The mean monthly and mean daily time series of water temperature (WT) from monitoring stations in the Elbe and the Danube River Basin (see Fig. 1) ranged between 29 years and 108 years in length. The datasets were obtained from the Agency for flood control and water management of Saxony Anhalt, the Elbe River Consortium (ARGE Elbe), the Bavarian State Office for Environment, Water Department of the Federal Ministry of Agriculture, Forestry, Environment and Water Management of Austria (BMLFUW) and the Republic Hydrometeorological Service of Serbia (RHMZ). The daily water temperatures were available for three Elbe River and two Danube River monitoring stations while the monthly temperatures were available at 15 monitoring sites (five for the Elbe River main course, three for the Elbe River tributaries (Aland, Havel and the Mulde River) and seven for the Danube River main course).

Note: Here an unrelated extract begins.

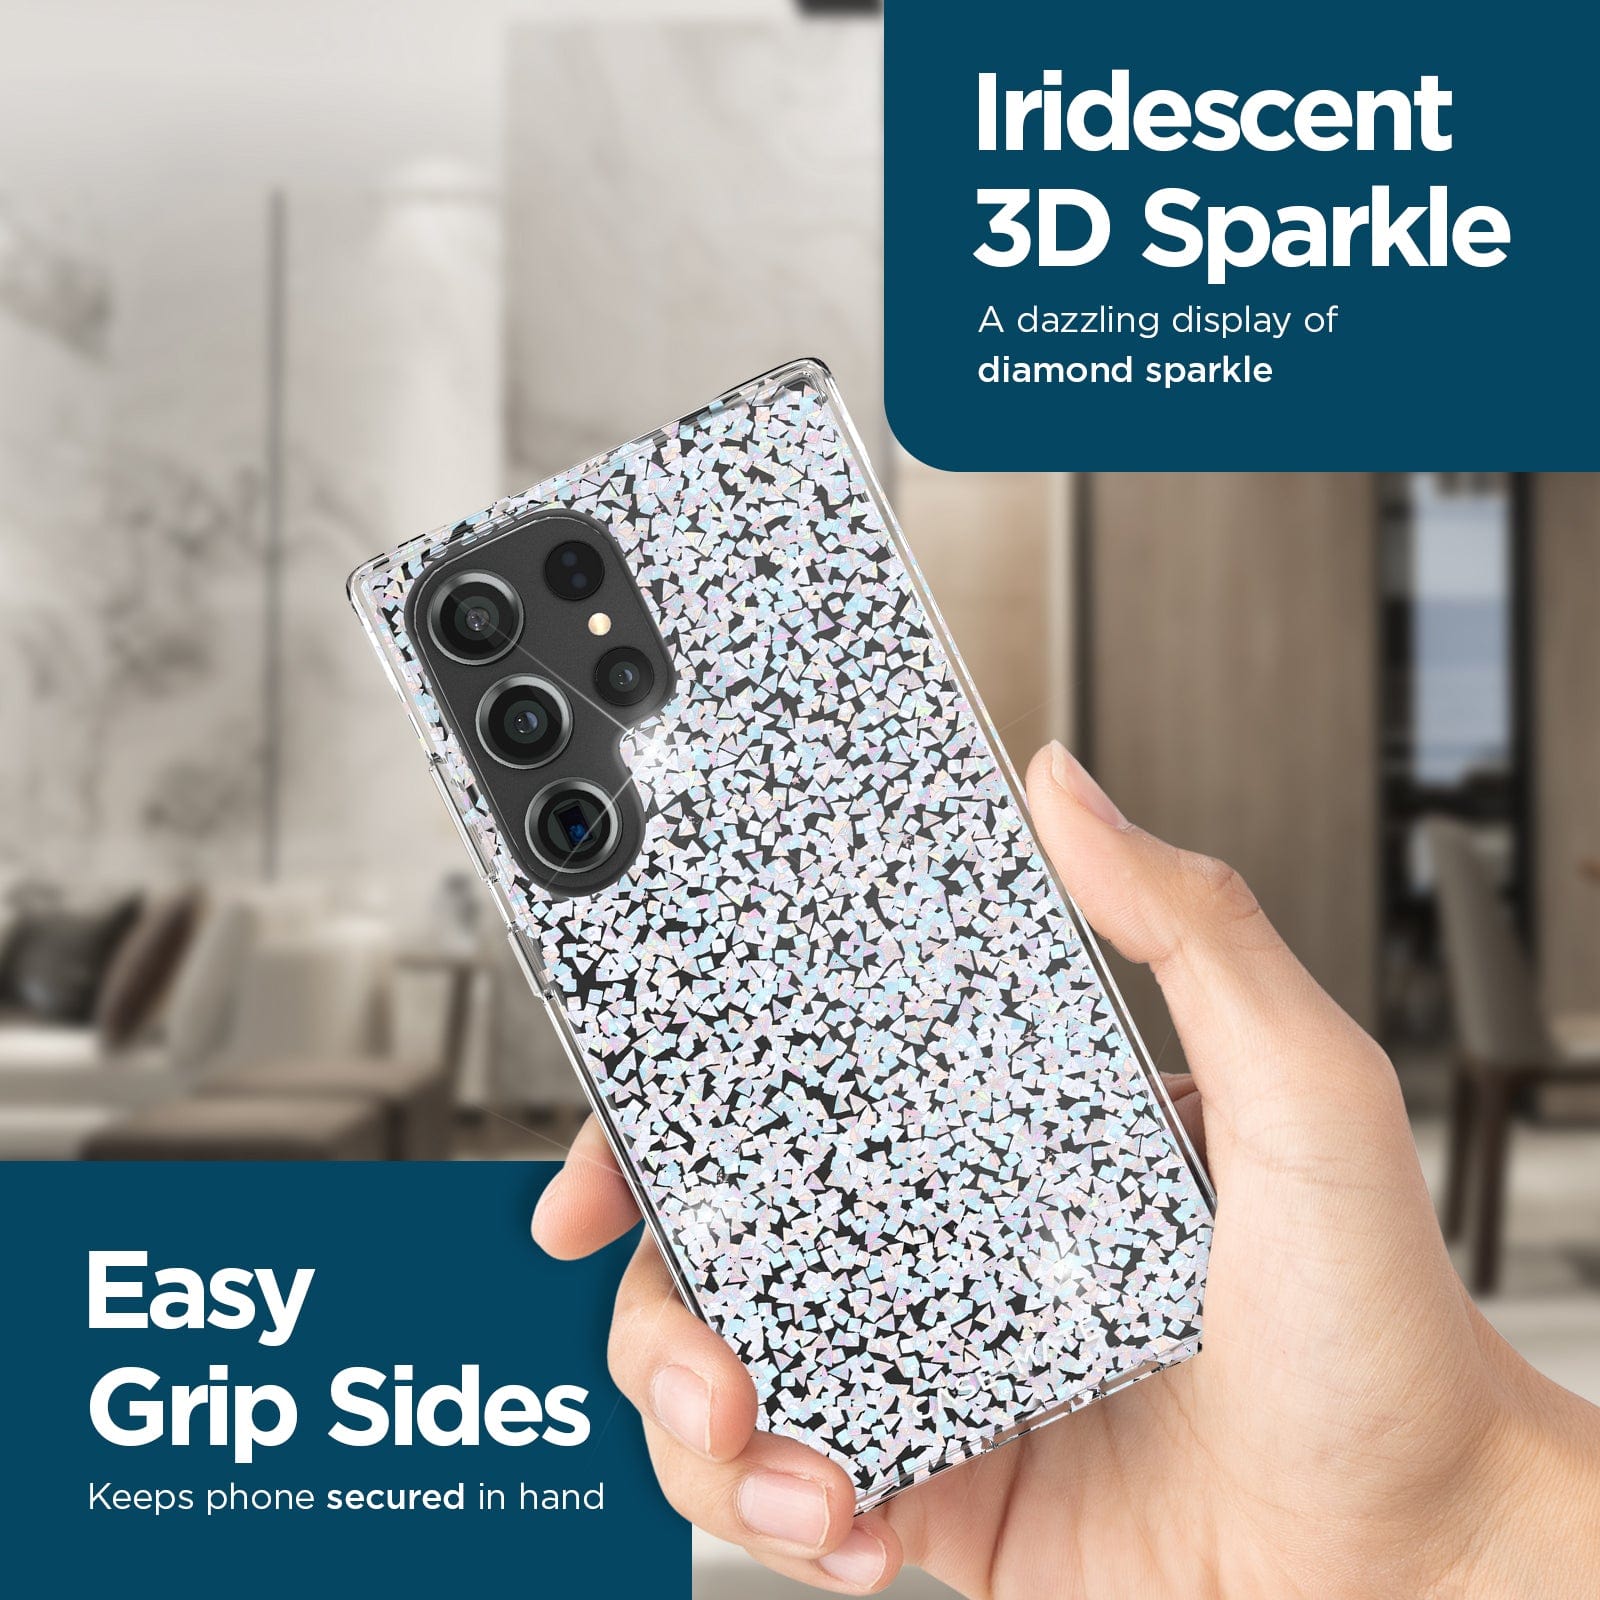 IRIDESCENT 3D SPARKLE. A DAZZLING DISPLAY OF DIAMOND SPARKLE. EASY GRIP SIDES KEEPS PHONE SECURED IN HAND.

Within the Danube temperature data set there is only one missing value (December 1969, Ingolstadt) while the number of missing values in temperature data from monitoring stations in the Elbe Basin is up to 33 (Elbe, Bunthaus). Missing values were replaced by the corresponding long-term means. Instrumentation for the temperature measurements has varied over time from alcohol and mercury thermometer to platinum resistance thermometers (PT100), implying measurement error that varies within the range 0.1–1 °C. Information about changes in the geographic position of the monitoring stations was not available from our data providers.

Fig. 1
figure 1

Location of the monitoring stations: water temperature and/or river discharge (triangle) and air temperature (square)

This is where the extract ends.